During WW II, across the camps, the POWs who stayed strong and vital pooled their skills and trades to help one another. Doctors, denied tools or medicine, needed the expertise of others. Medical orderly and former plumber, Fred Margarson, ran secret POW workshops at Chungkai hospital camp in Thailand where he supervised the making of artificial legs for tropical ulcer patients.

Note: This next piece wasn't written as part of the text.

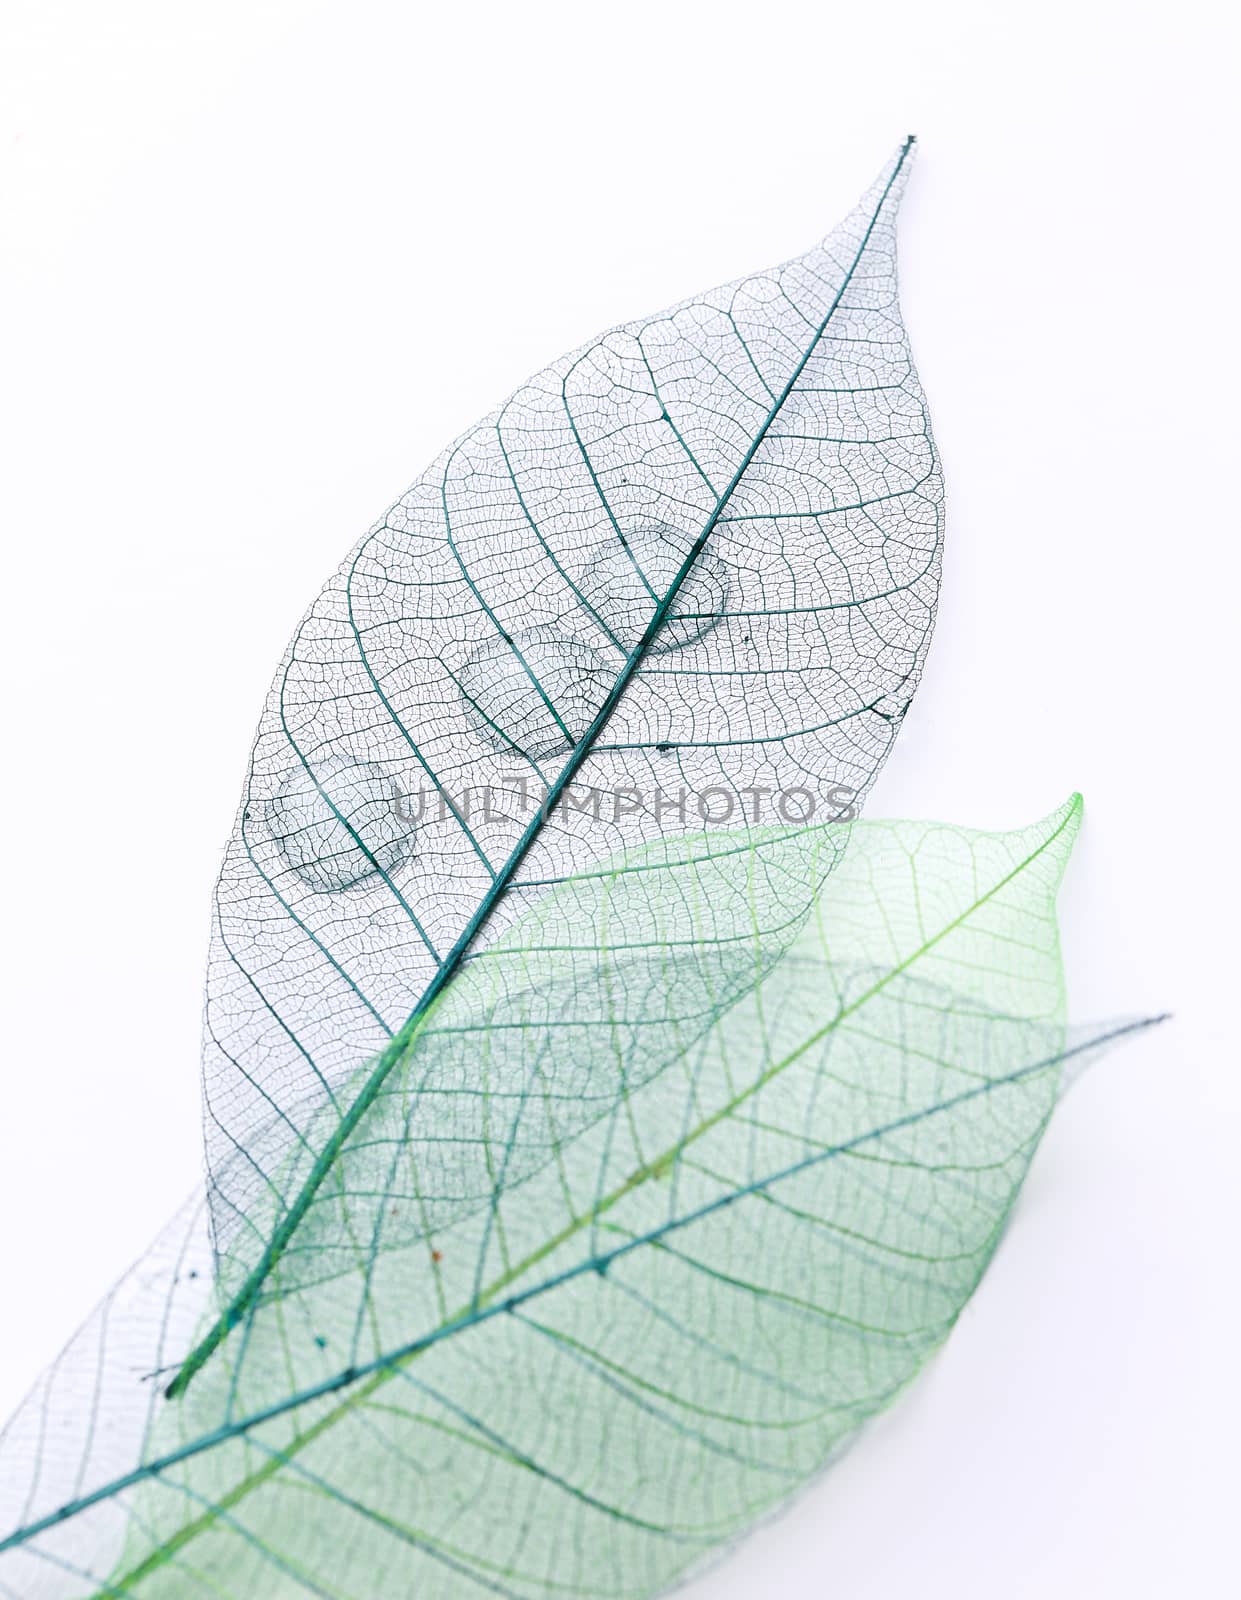 Texture, details. Leaf on the table

His friend Gordon Vaughan, a Post Office engineer before the war, made vital medical instruments for examining dysentery patients from old tin cans, and surgical forceps from pairs of scissors. Those who stayed strong within the confines of the camps lived through giving of themselves. Comforting others. Giving away their last spoonful of rice. Putting others ahead of their own comfort.
Each one of us makes a difference. Each one of us is required. Look around you. See where you can help. Be needed.
Every single veteran—whether they are alive, no longer with us, a POW or MIA—deserves our utmost respect and support. May we never forget. May we continue to honour them. And may we continue to allow them to inspire us and teach us.